TASK PROMPT – From the line containing "Лактожиналь - Современный" down to the line containing "Chateau Montrose, St", copy out the entries below exactly, both lines included, and nothing else; pictures do not belong in the copy.

DATASET –
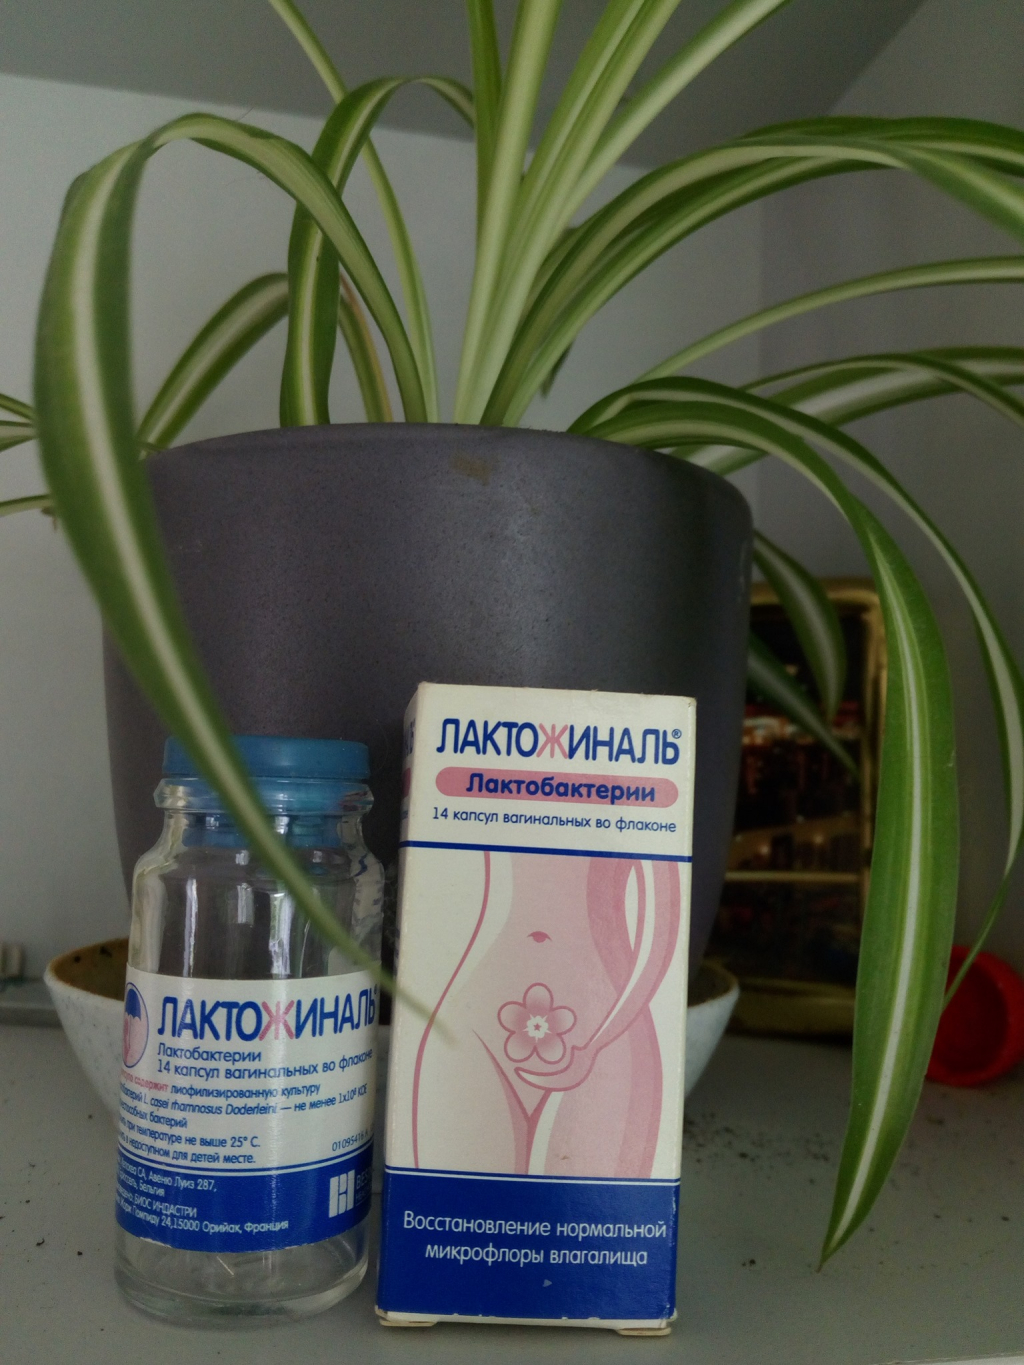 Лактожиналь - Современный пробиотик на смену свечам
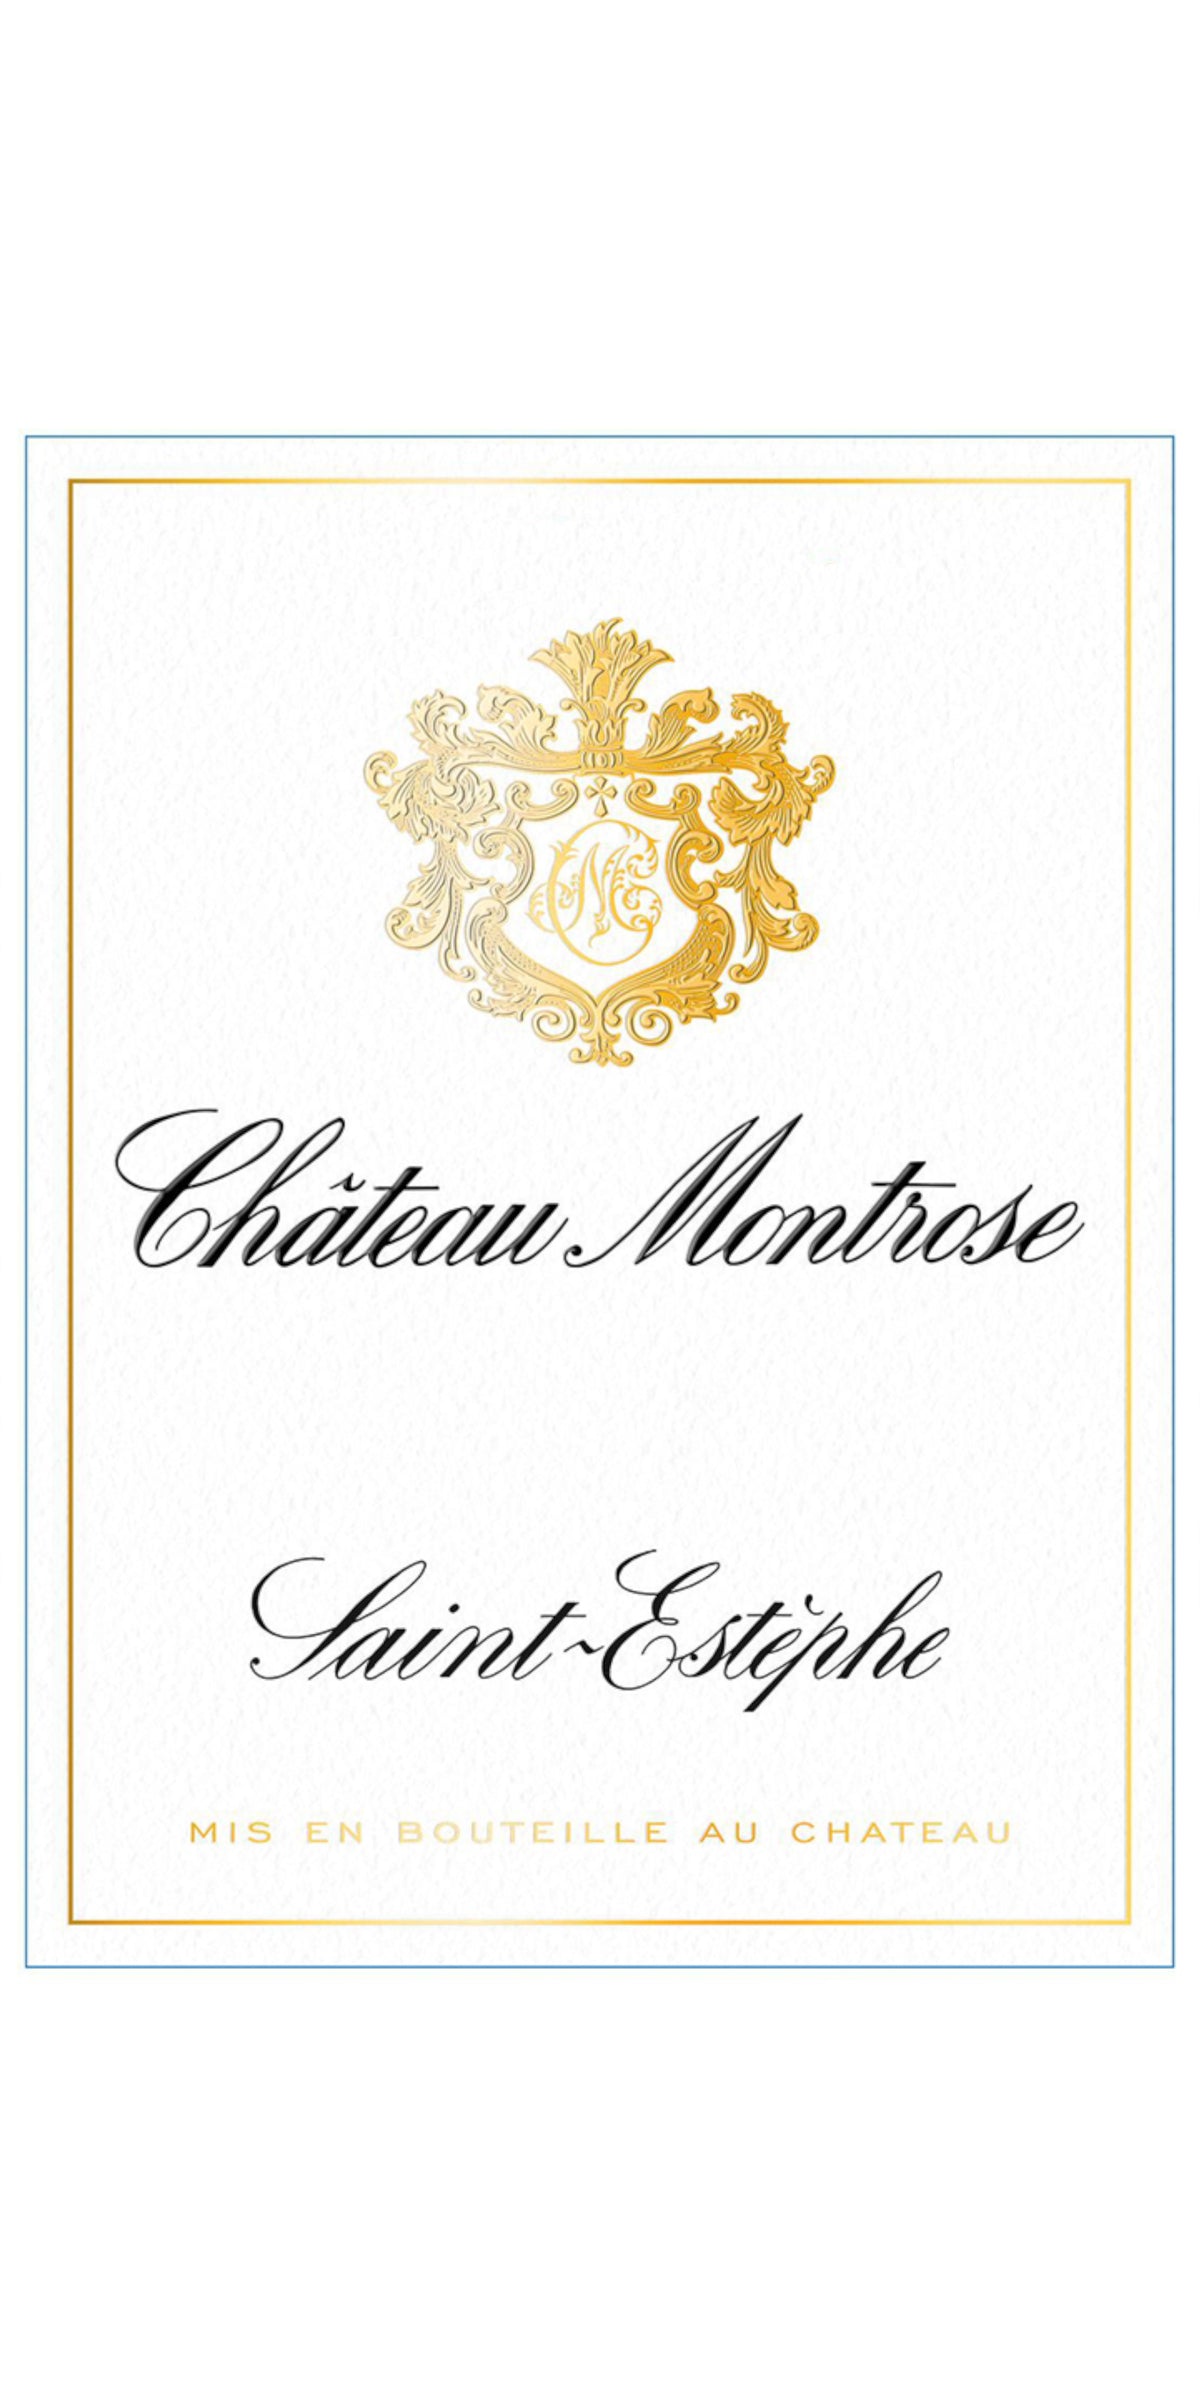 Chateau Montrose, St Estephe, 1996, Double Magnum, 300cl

* * *

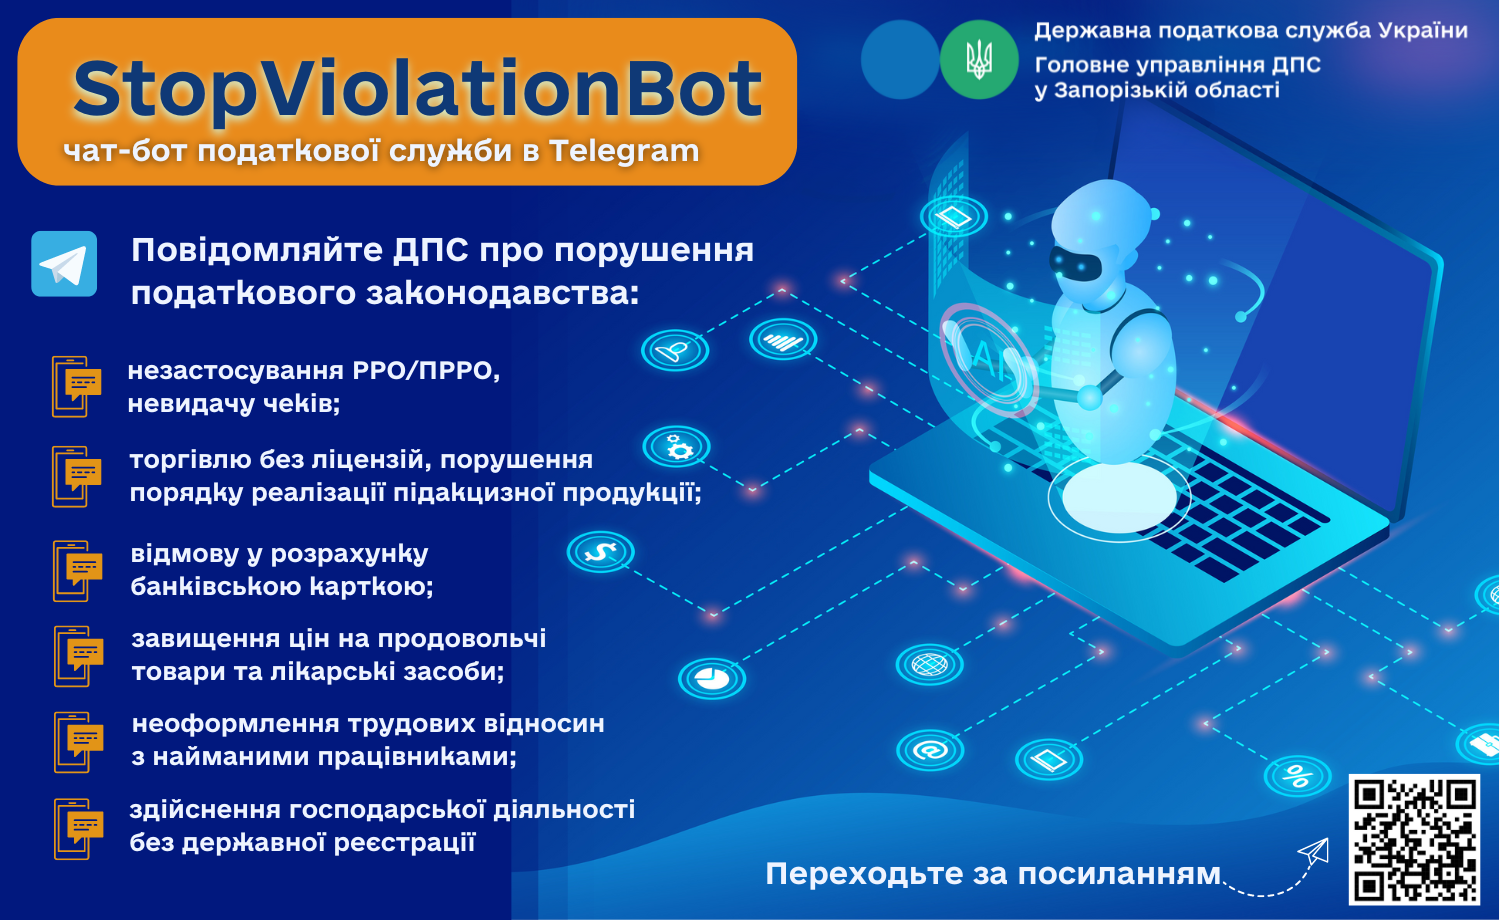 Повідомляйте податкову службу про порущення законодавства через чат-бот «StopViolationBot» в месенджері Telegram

--

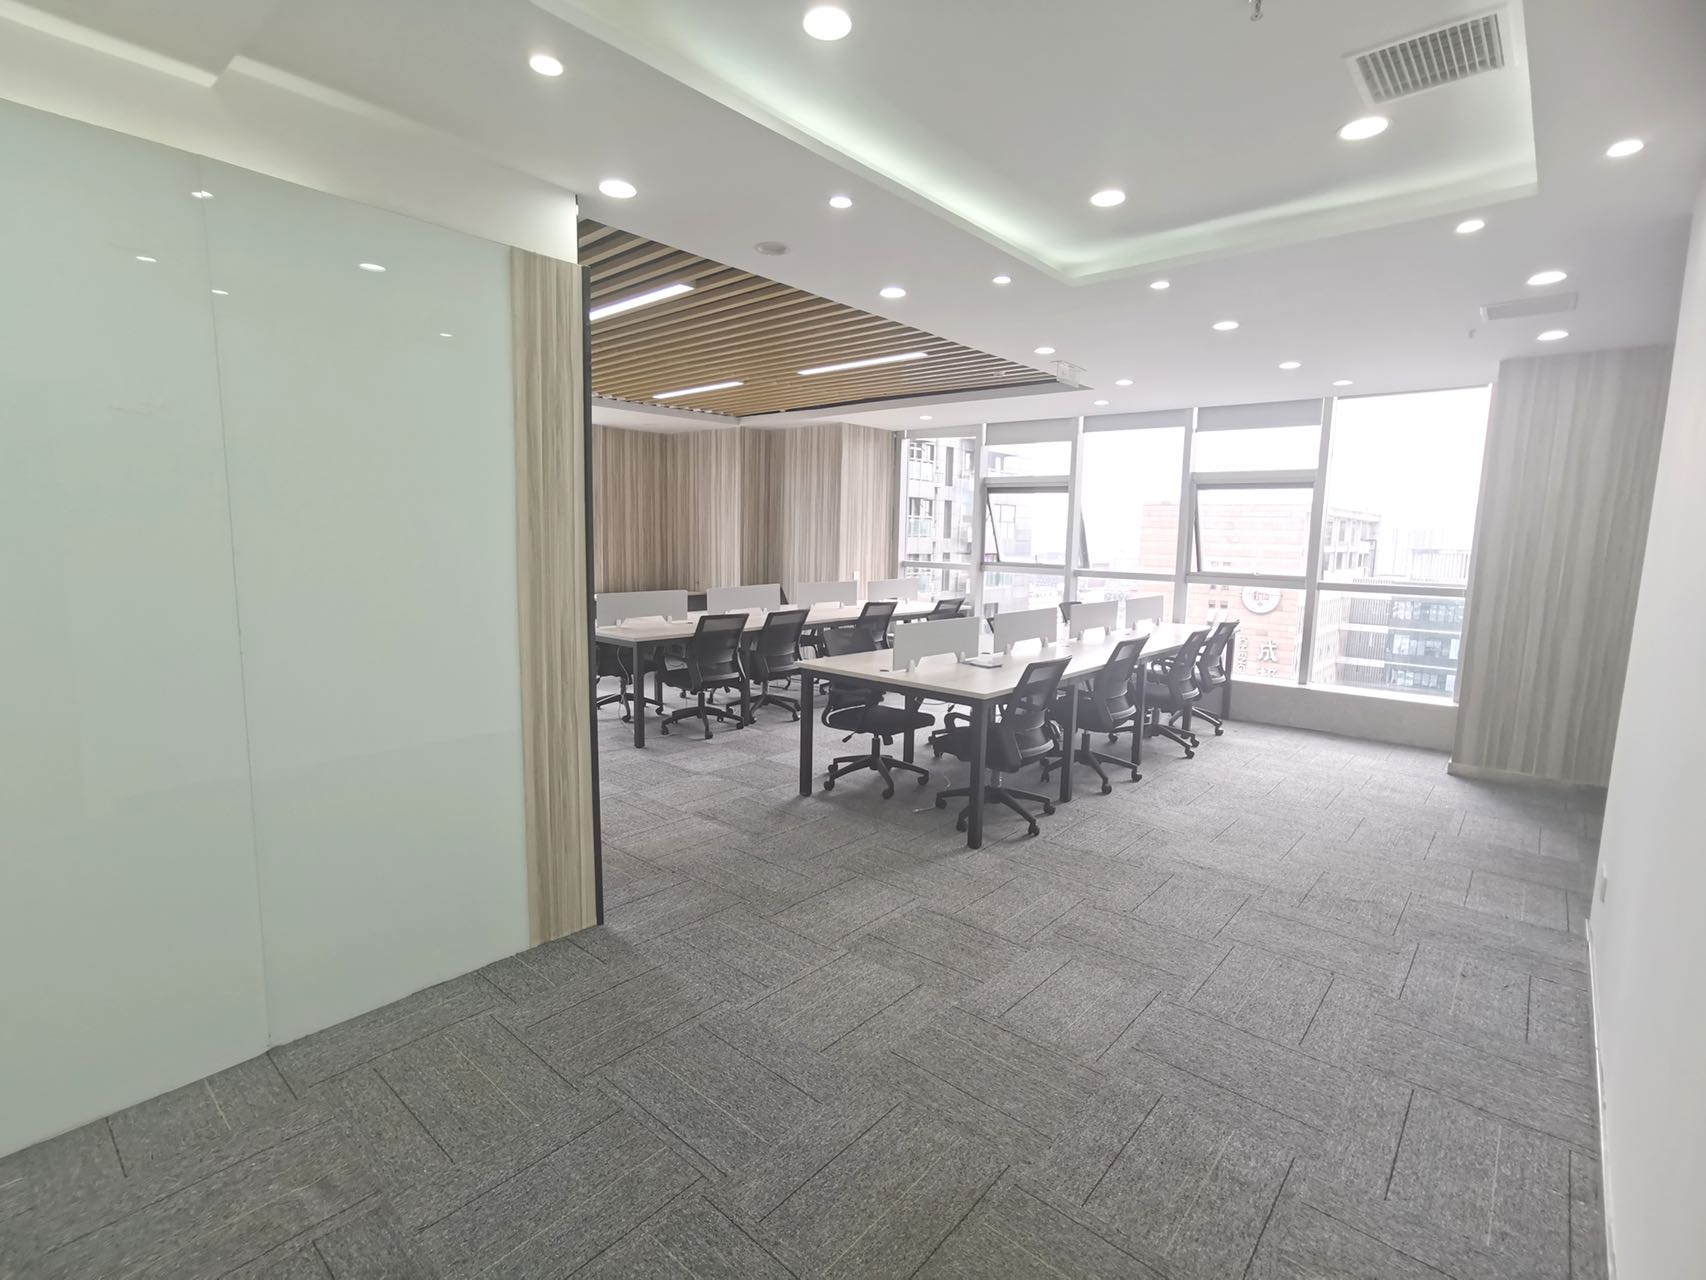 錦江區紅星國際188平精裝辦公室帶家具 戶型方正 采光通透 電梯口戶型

ANSWER TO THIS EXERCISE –
 Лактожиналь - Современный пробиотик на смену свечам
 Chateau Montrose, St Estephe, 1996, Double Magnum, 300cl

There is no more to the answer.